6502.org

Posted: **Sun Jan 08, 2023 3:31 am**

Hi!

TobyLobster wrote:

I have exhaustively tested and compared the performance and memory use of over 60 integer multiplication routines from the internet.

I also explore the algorithms and techniques behind them:

https://github.com/TobyLobster/multiply_test

There was more to say on this subject than I thought when I started, so it was interesting to explore. If there are other good or interesting multiply routines out there let me know!

Thanks for doing this, it is very useful!

My interest is in the 16x16=16 routine, as this is needed for language implementations. In FastBasic I use this simple code: https://github.com/dmsc/fastbasic/blob/ ... rp/mul.asm , you could add it to your benchmark.

Seeing your results, I'm interested if adapting mult60 to 16x16=16 could be faster.

Have Fun!

Posted: **Sun Jan 08, 2023 1:18 pm**

dmsc wrote:

Hi!
My interest is in the 16x16=16 routine, as this is needed for language implementations.
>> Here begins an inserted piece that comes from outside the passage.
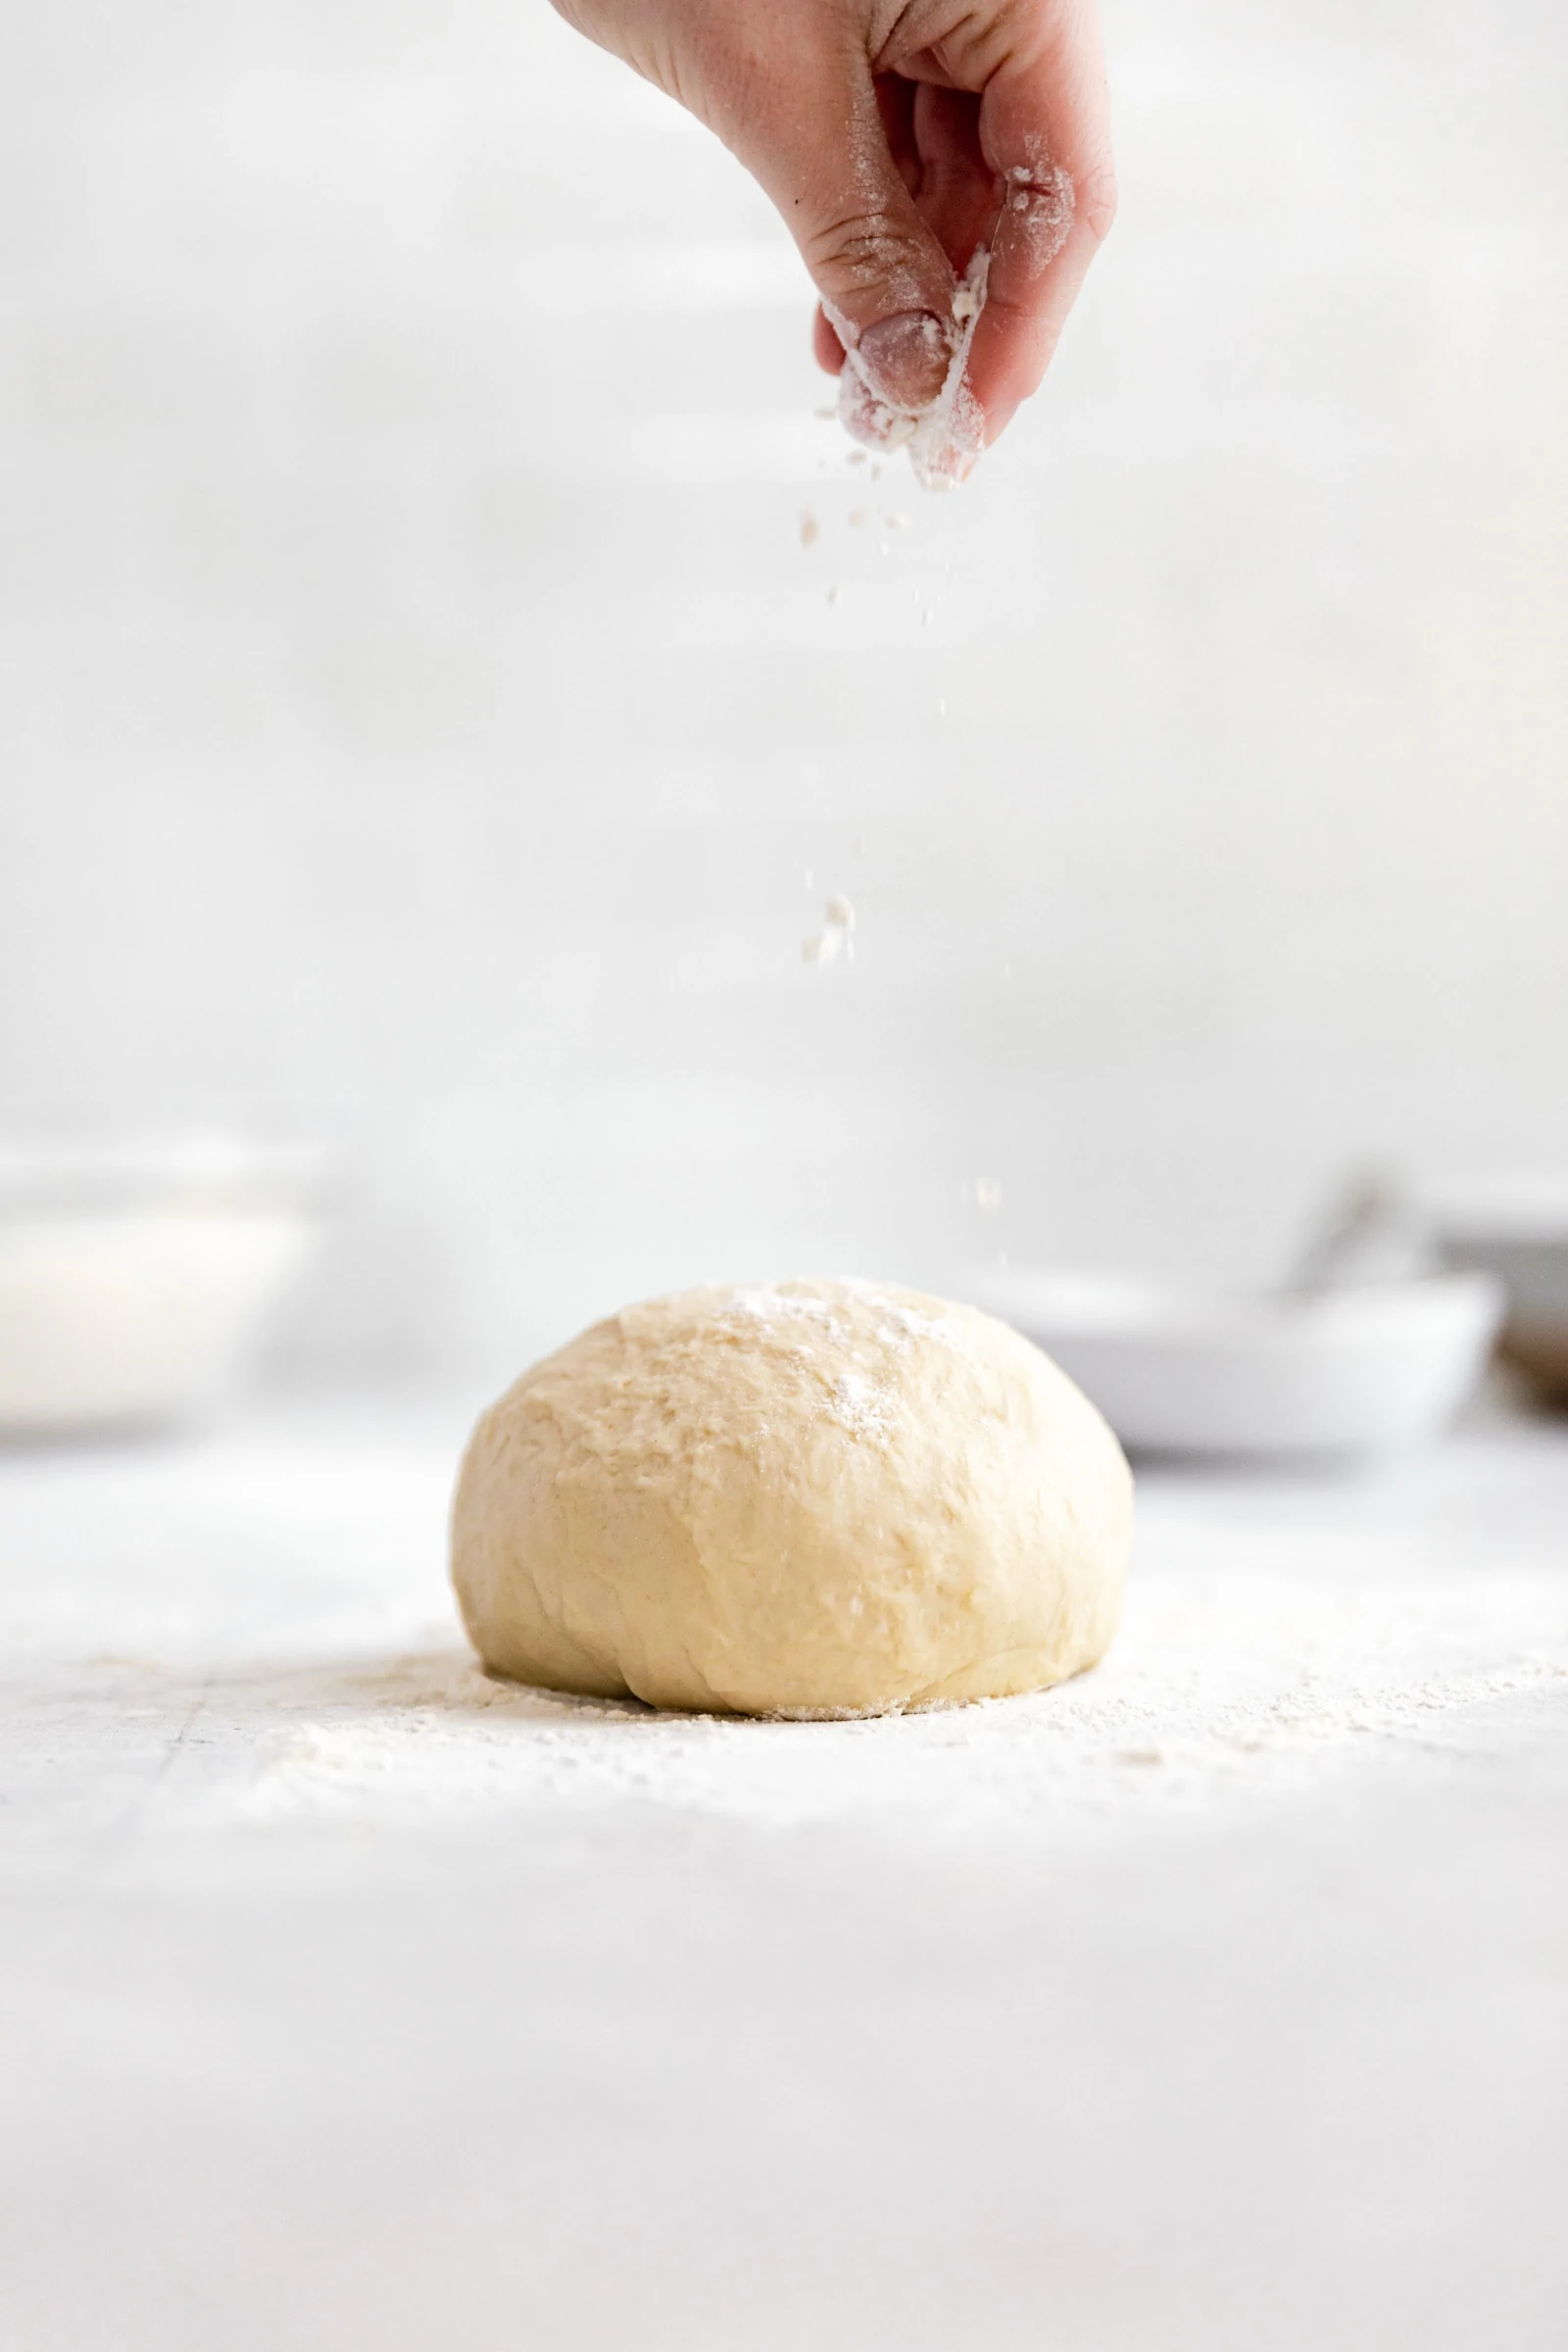 homemade pizza dough ball

In FastBasic I use this simple code: https://github.com/EricCarrGH/fastbasic ... rp/mul.asm , you could add it to your benchmark.

Seeing your results, I'm interested if adapting mult60 to 16x16=16 could be faster.
Have Fun!

Thanks, I've added your FastBasic code code as `omult14.a` which works out as 575 average cycles in 43 bytes.
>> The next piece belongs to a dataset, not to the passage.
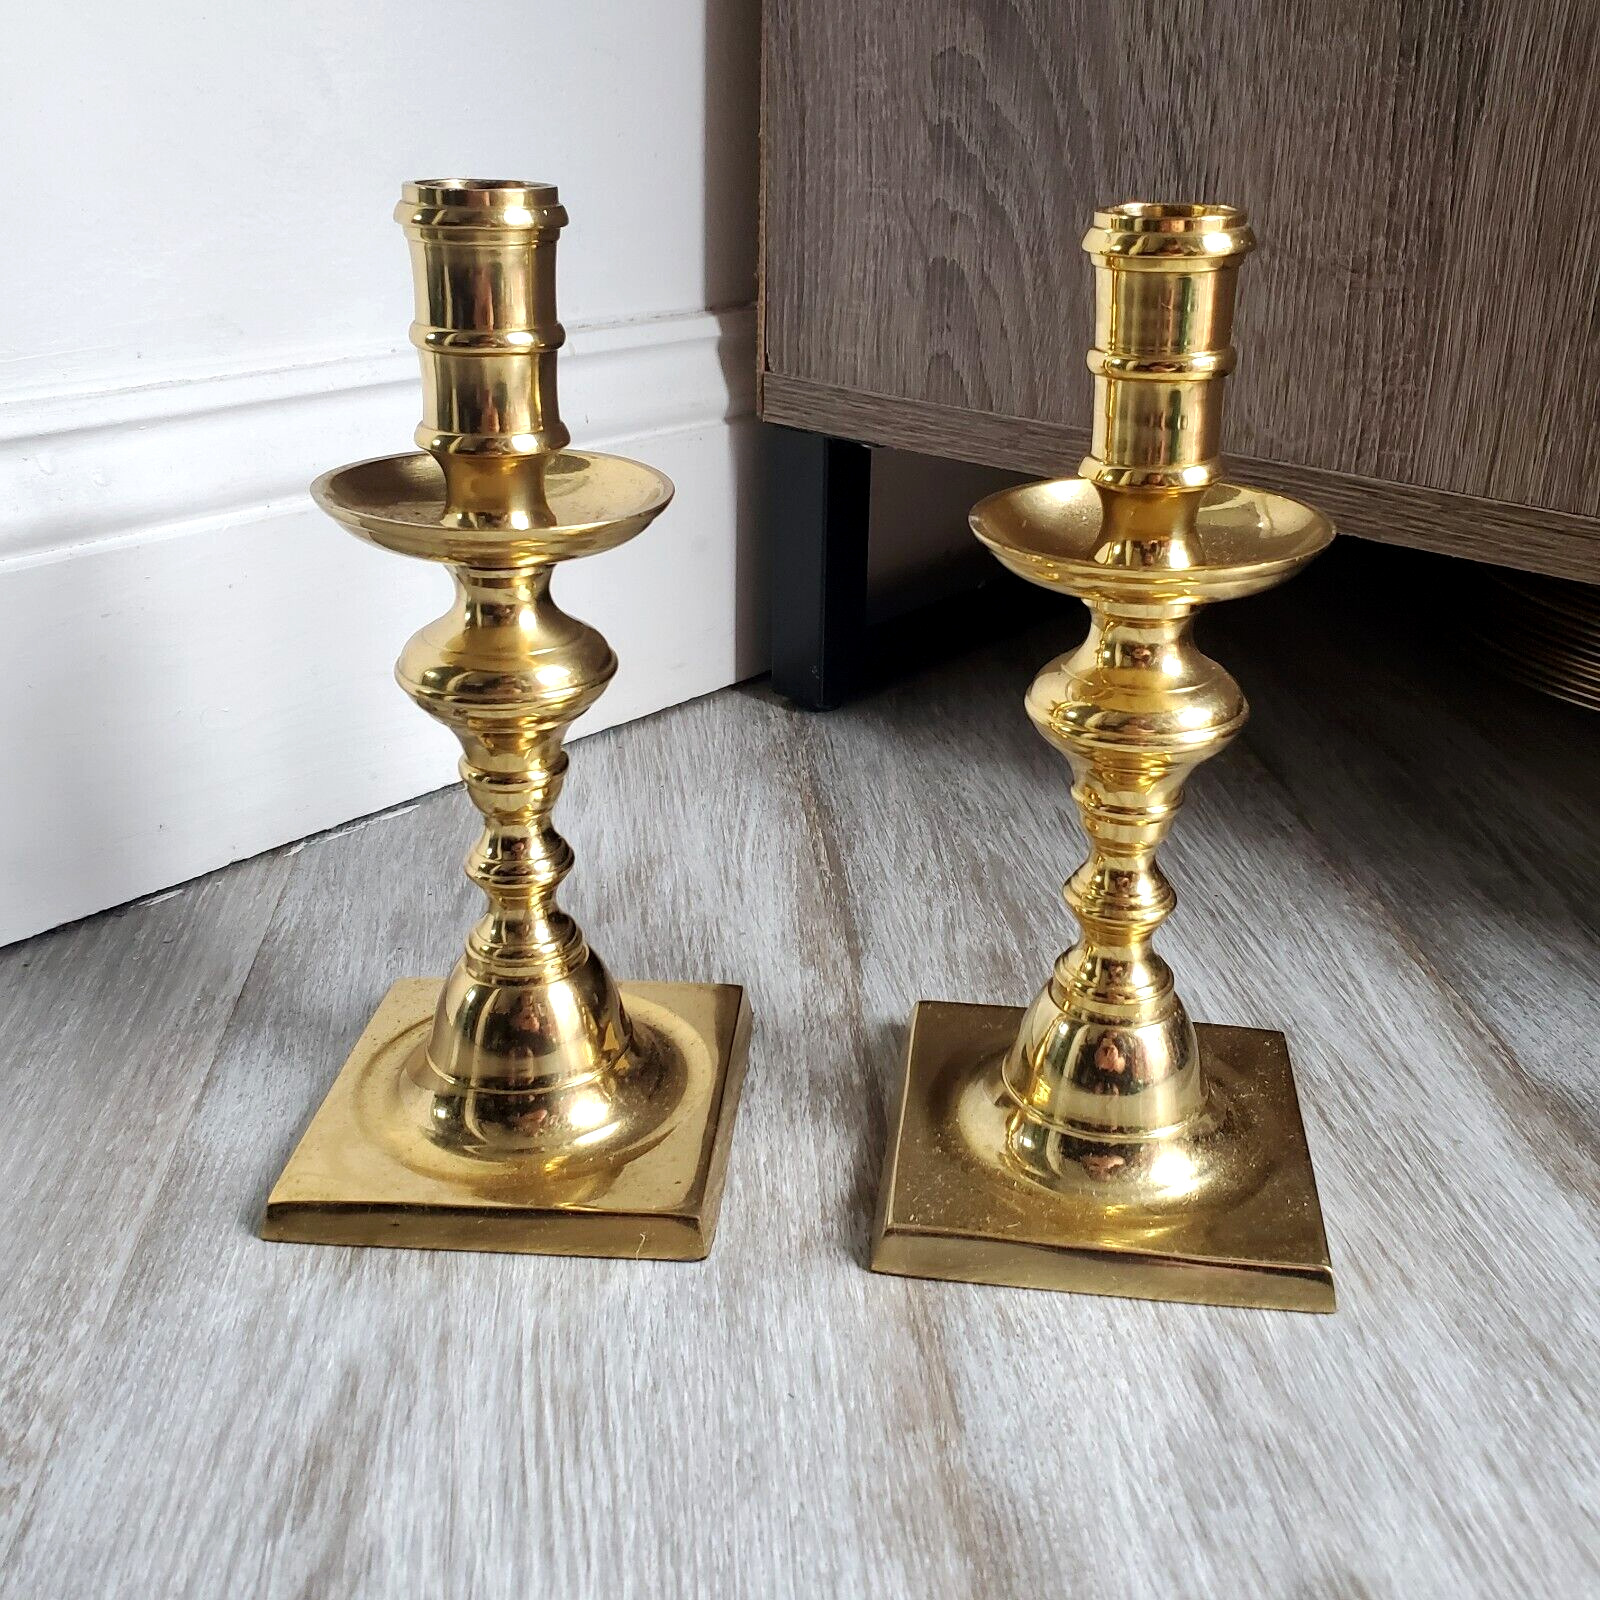 2 Vintage Brass Candlesticks Candle Holders Decor

I cut down mult61 a little to give a 16 bit result (mult61 is more amenable to this optimisation than mult60), which I've added as `omult15.a`. This gives a faster 390 cycles average in 47 bytes.

But, if you don't care about the answer if there is an overflow, then omult6.a wins with 153.46 average cycles in 38 bytes.
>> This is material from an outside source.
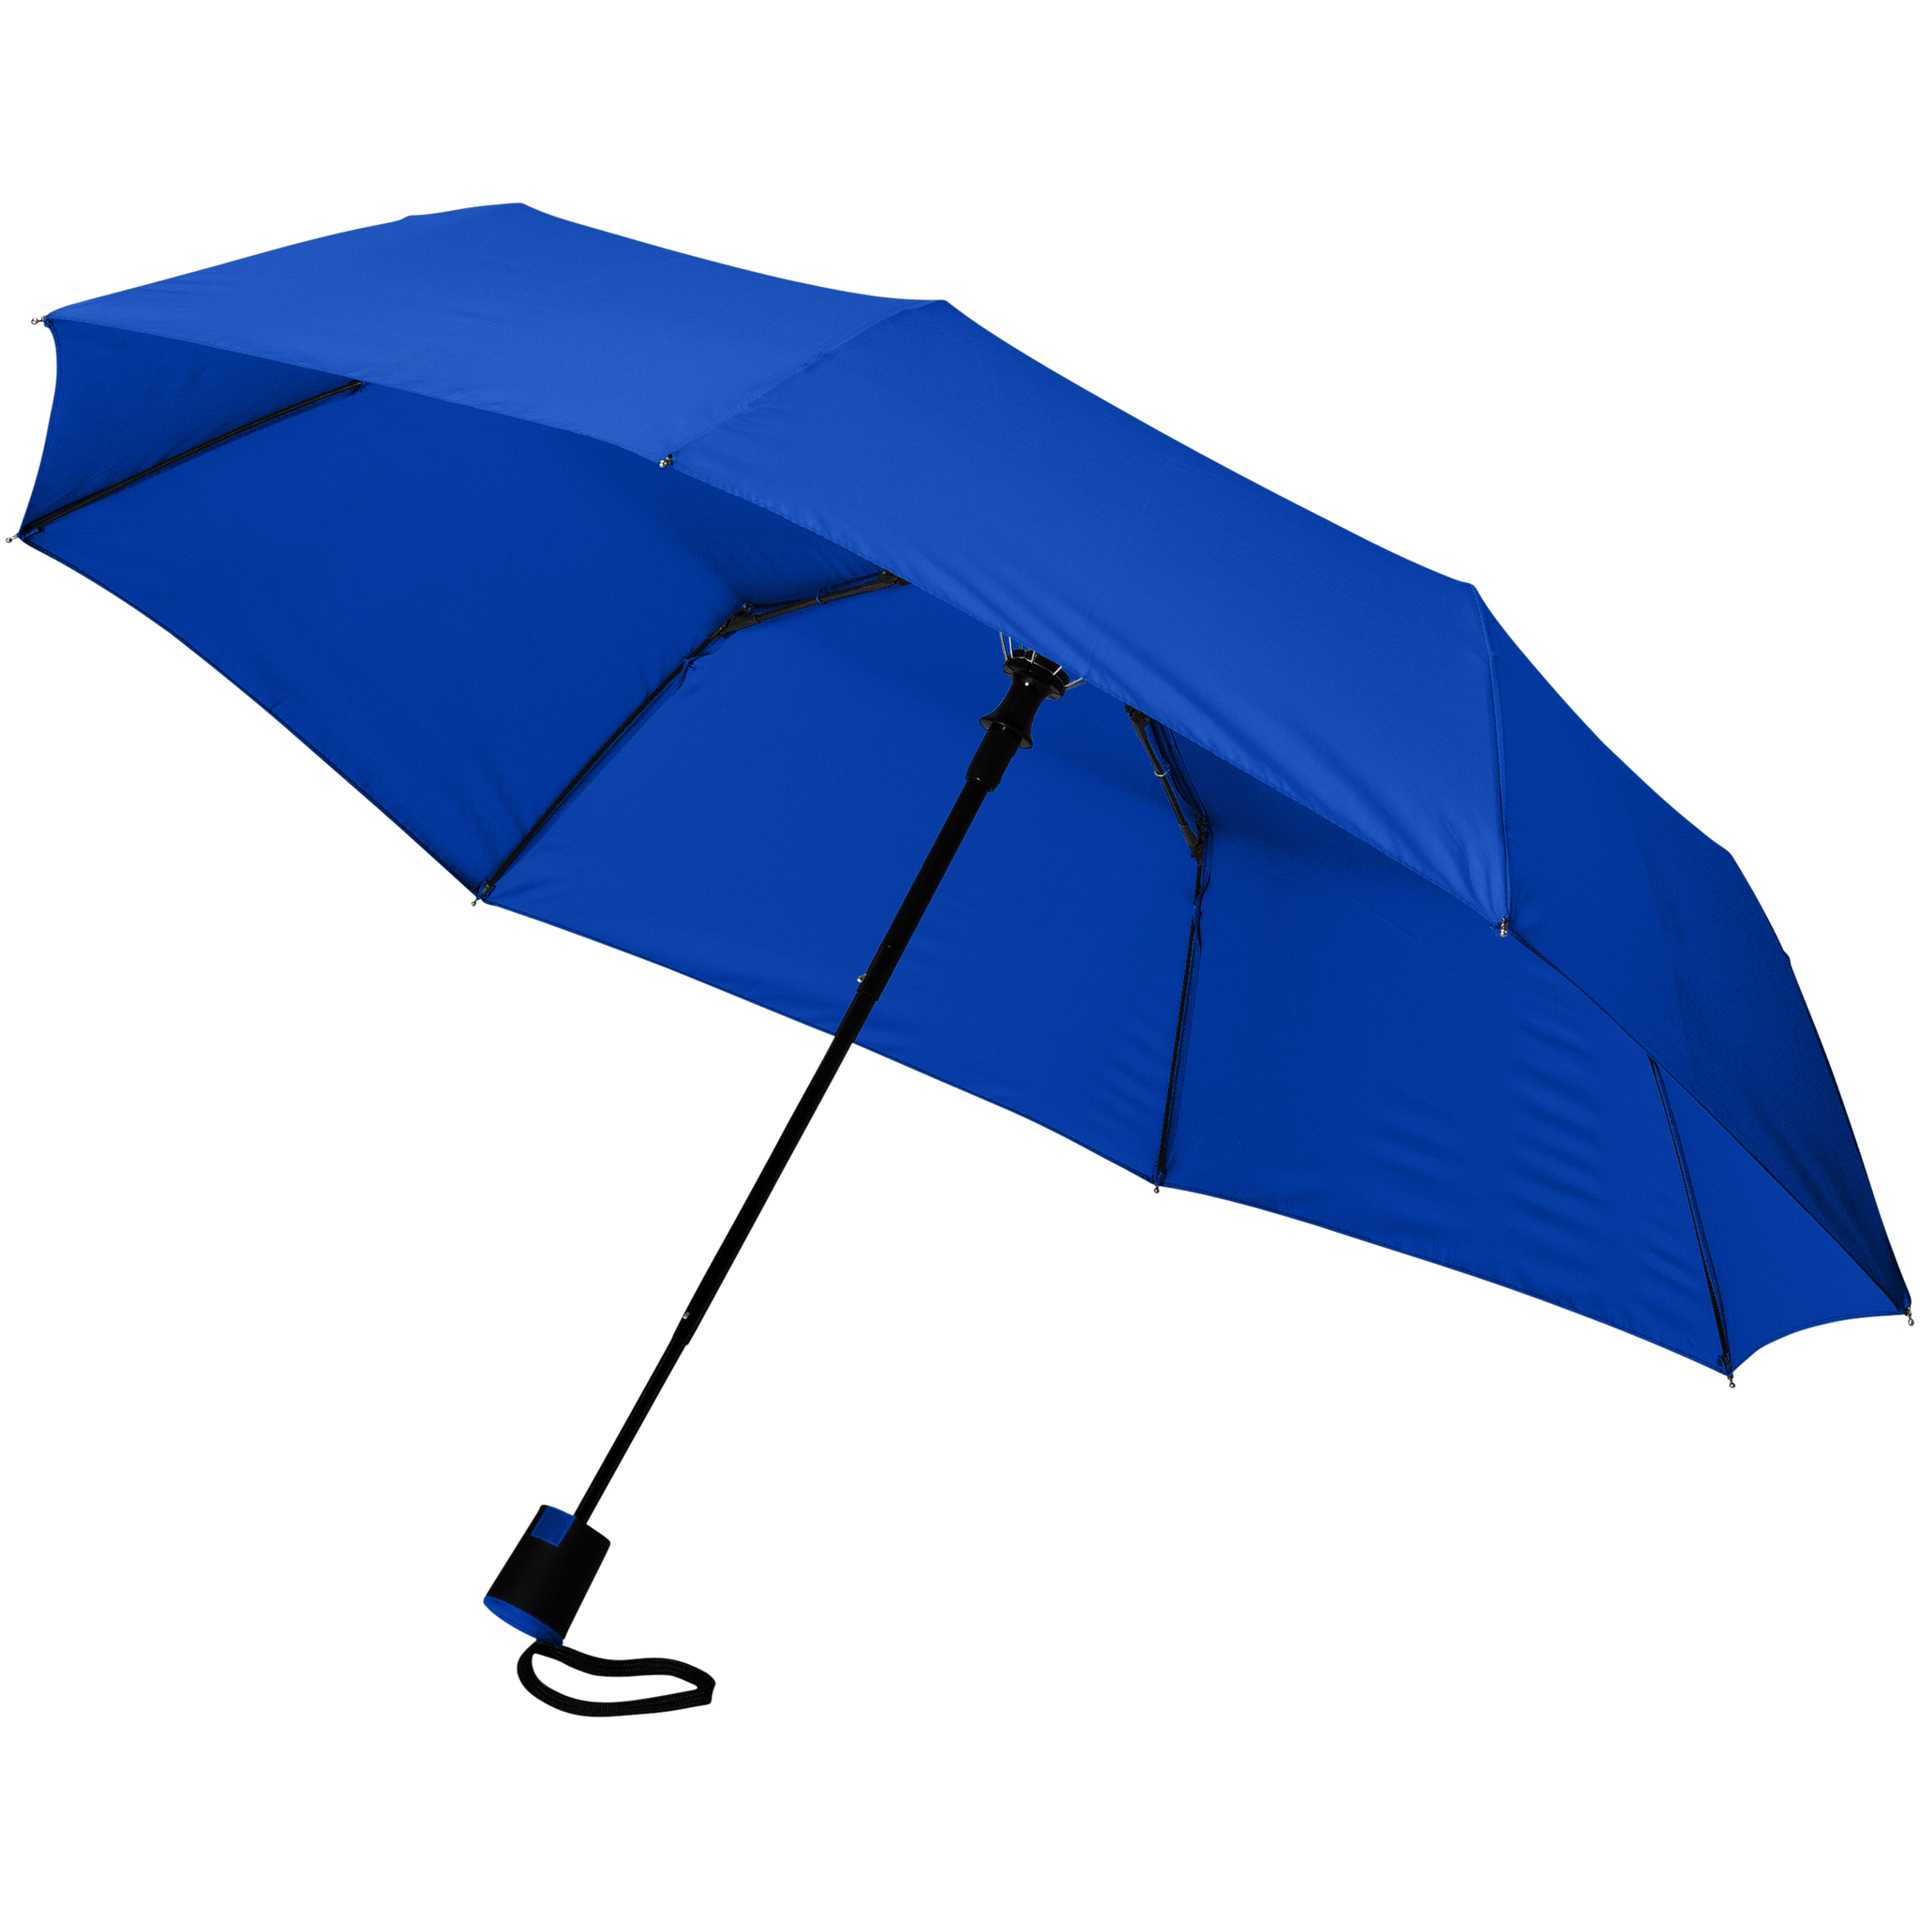 3 Section Auto Open Umbrella in blue

EDIT: I updated omult15 so have updated the numbers above to the latest.

Posted: **Sun Jan 08, 2023 10:41 pm**

Hi!

TobyLobster wrote:

Thanks, I've added your FastBasic code code as `omult14.a` which works out as 575 average cycles in 43 bytes.

Thank you!
In the above, I wrote the wrong URL for the FastBasic code, correct one is https://github.com/dmsc/fastbasic/blob/ ... rp/mul.asm , but the code is the same. (this is what happens when it is late and you use google to search to your own code

)

Quote:

I cut down mult61 a little to give a 16 bit result (mult61 is more amenable to this optimisation than mult60), which I've added as `omult15.a`. This gives a faster 390 cycles average in 47 bytes.

That is very reasonable for 47 bytes! In the FastBasic case, I would have to modify it a little to get the multiplicand from A/X and the stack, and get the result into A/X, but I will try to see if it is worth.

Quote:

But, if you don't care about the answer if there is an overflow, then omult6.a wins with 153.46 average cycles in 38 bytes.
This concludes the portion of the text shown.